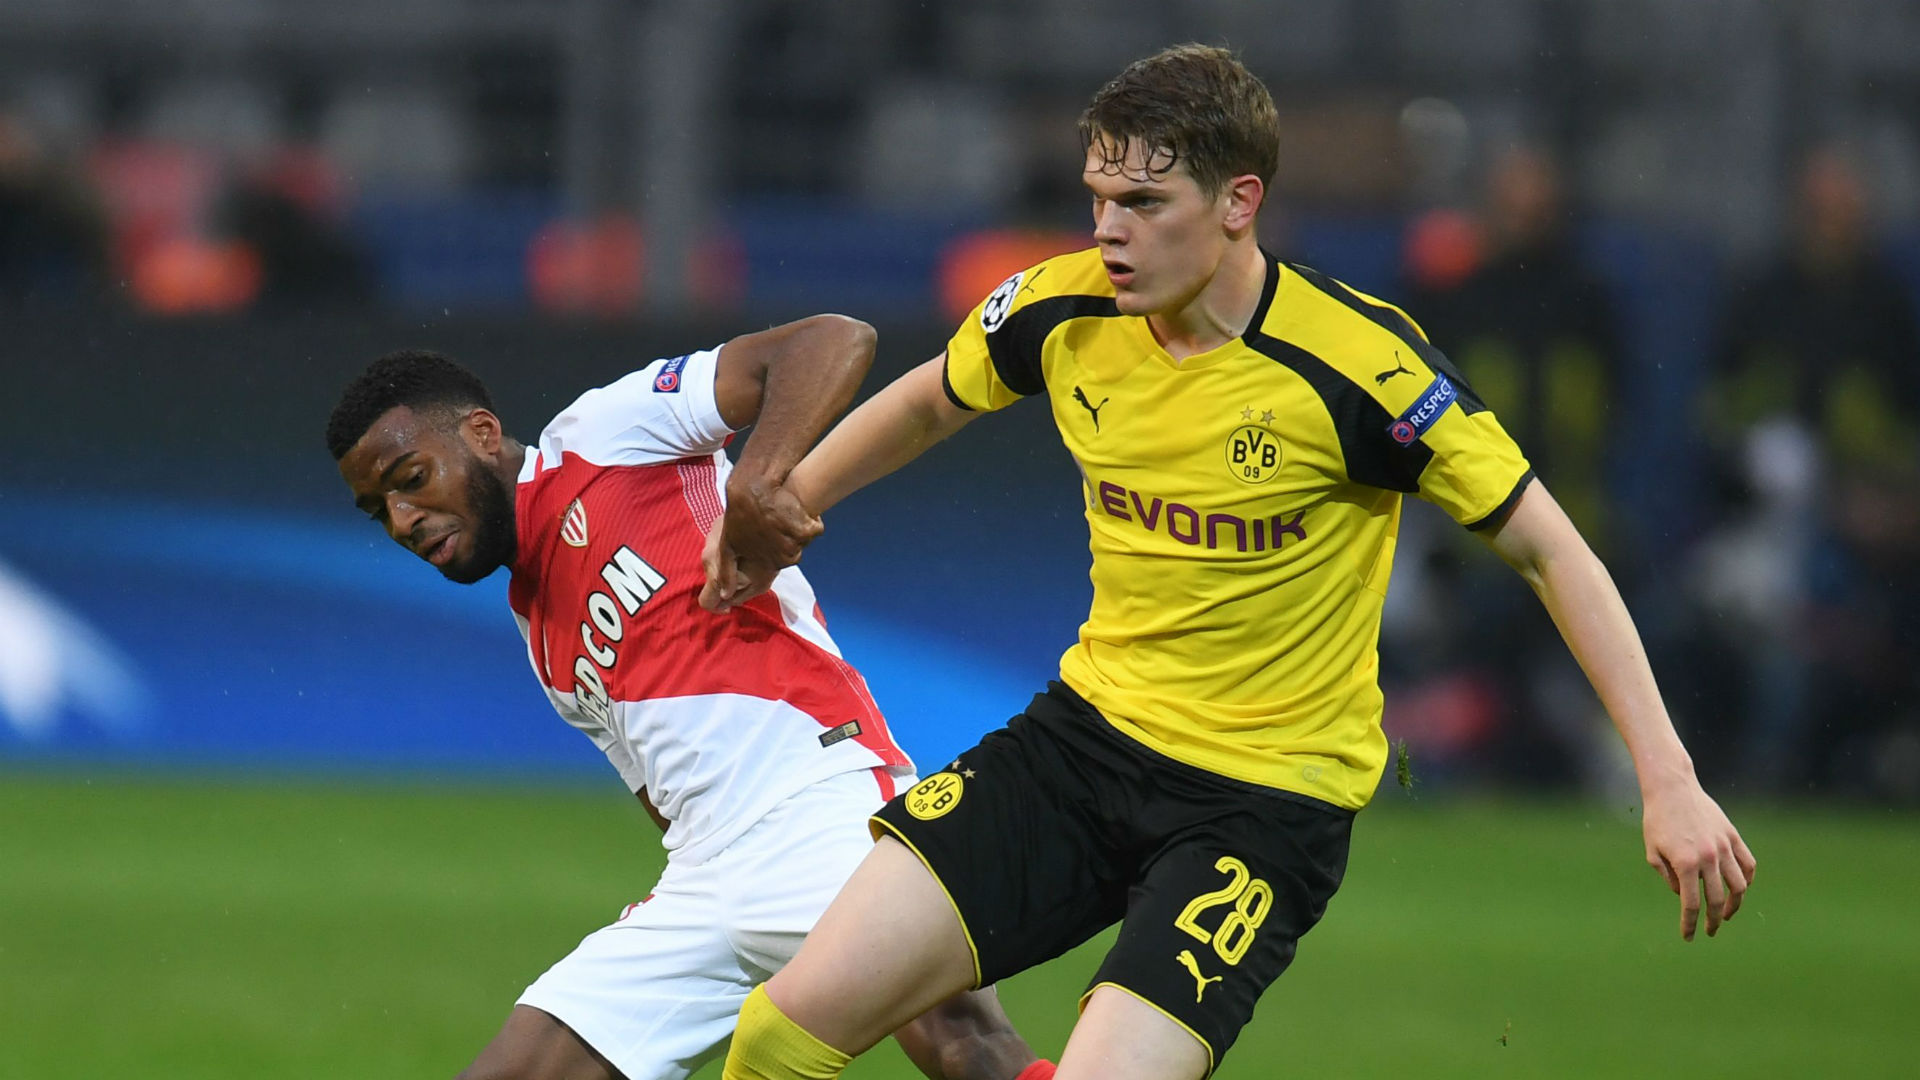 Thomas Lemar Monaco Matthias Ginter Borussia Dortmund
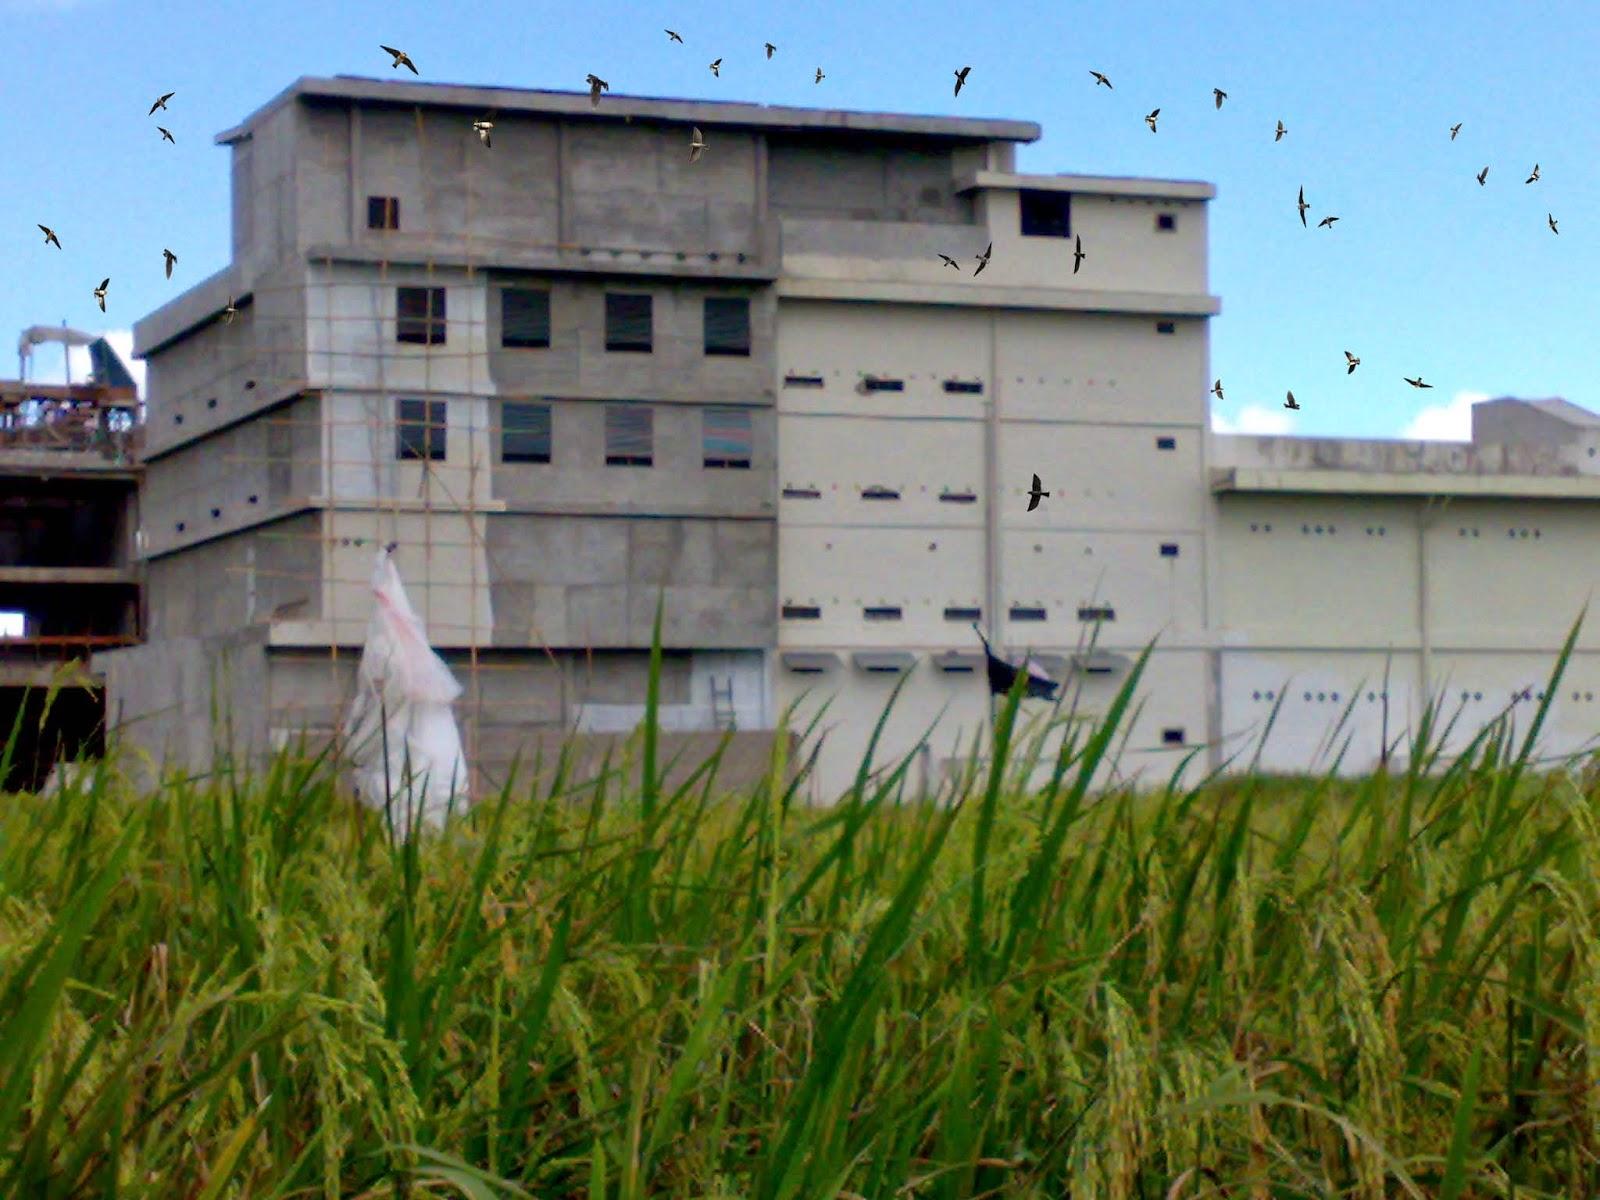 Kumpulan Gambar Rumah Walet Burung Walet Kalimantan
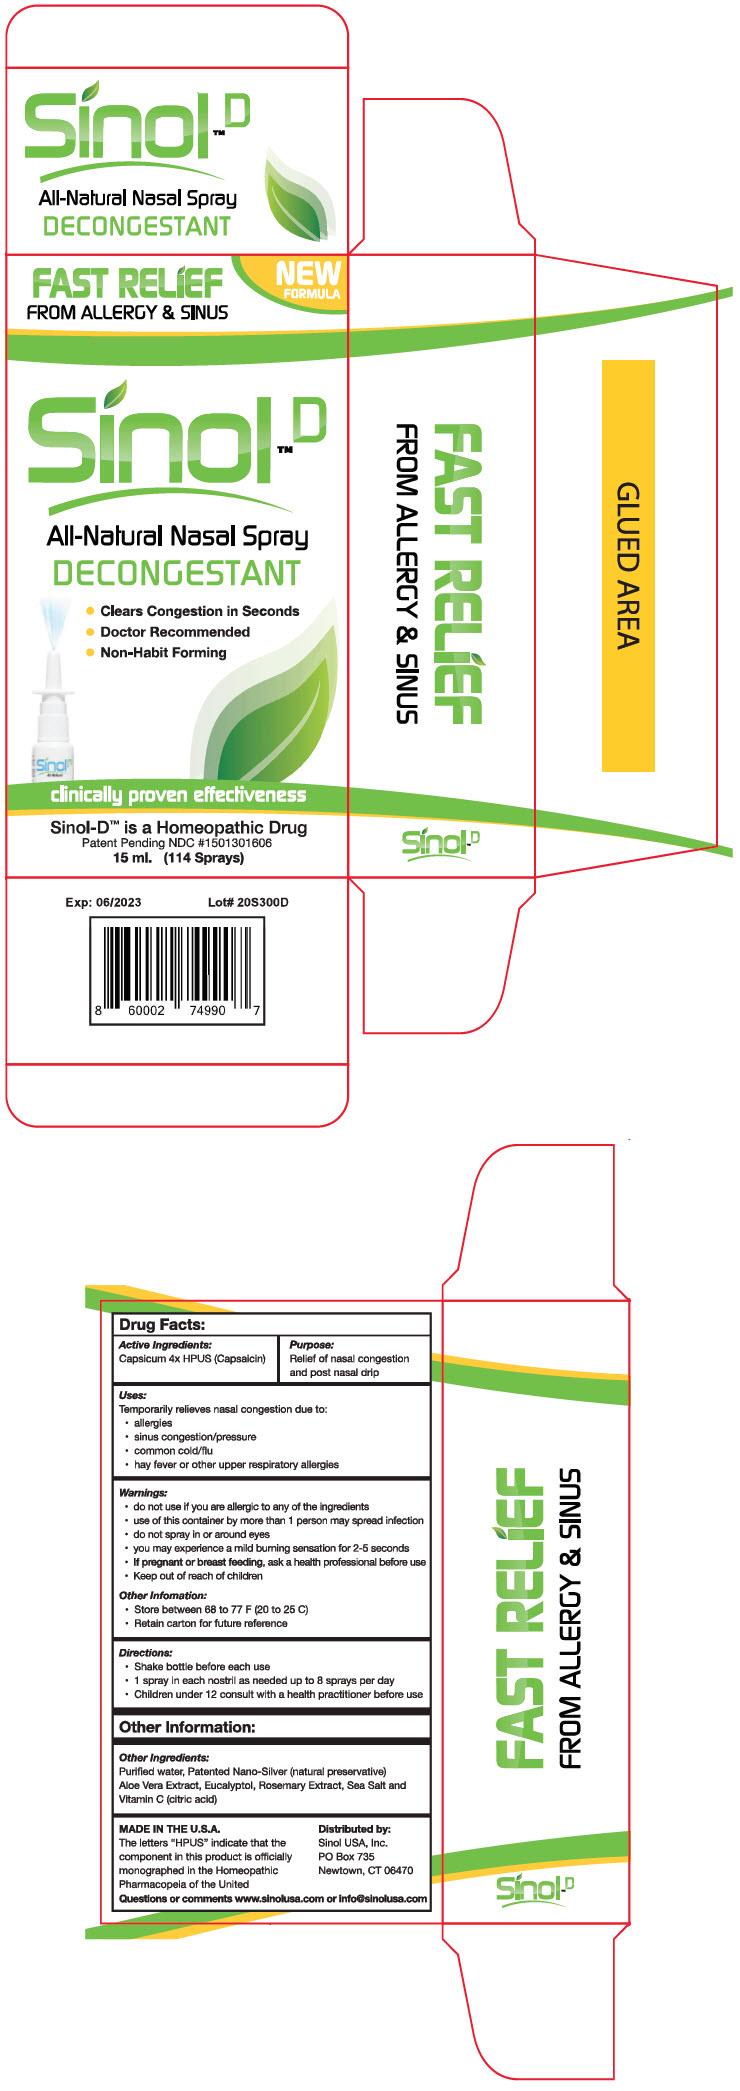 PRINCIPAL DISPLAY PANEL - 15 ml Bottle Carton
════════
| Task |
Repeat the material verbatim. Do not carry over any picture.

| Result |
 Thomas Lemar Monaco Matthias Ginter Borussia Dortmund
 Kumpulan Gambar Rumah Walet Burung Walet Kalimantan
 PRINCIPAL DISPLAY PANEL - 15 ml Bottle Carton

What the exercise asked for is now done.